**Provided data**
++++++++++

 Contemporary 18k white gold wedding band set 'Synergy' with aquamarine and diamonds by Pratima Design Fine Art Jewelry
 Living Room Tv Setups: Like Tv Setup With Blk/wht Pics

++++++++++

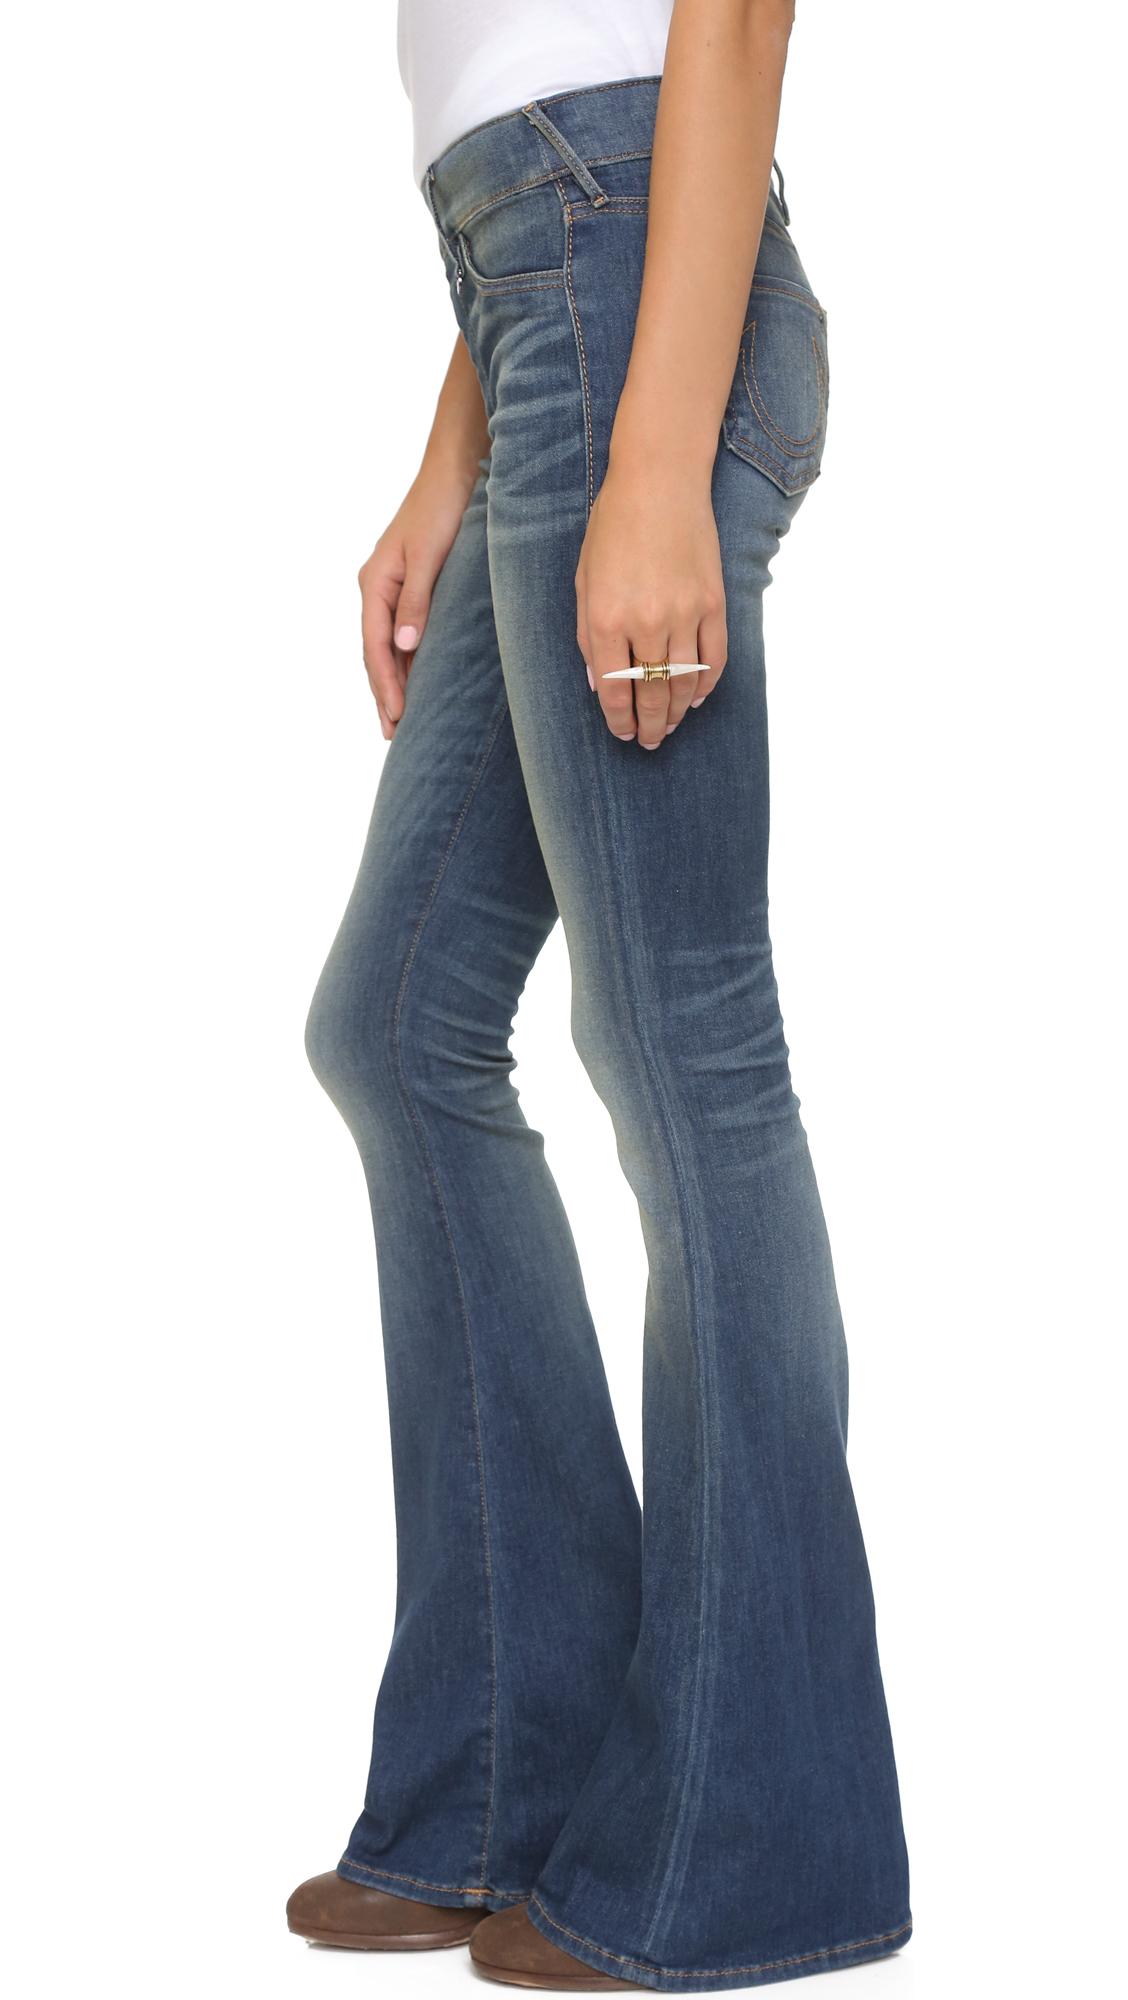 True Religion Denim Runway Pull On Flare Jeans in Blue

++++++++++

**Aim of the exercise**
Would you print exactly and only the lines of the material above that run from the line with "Contemporary 18k white" through the line with "Living Room Tv", both included?

**Output**
 Contemporary 18k white gold wedding band set 'Synergy' with aquamarine and diamonds by Pratima Design Fine Art Jewelry
 Living Room Tv Setups: Like Tv Setup With Blk/wht Pics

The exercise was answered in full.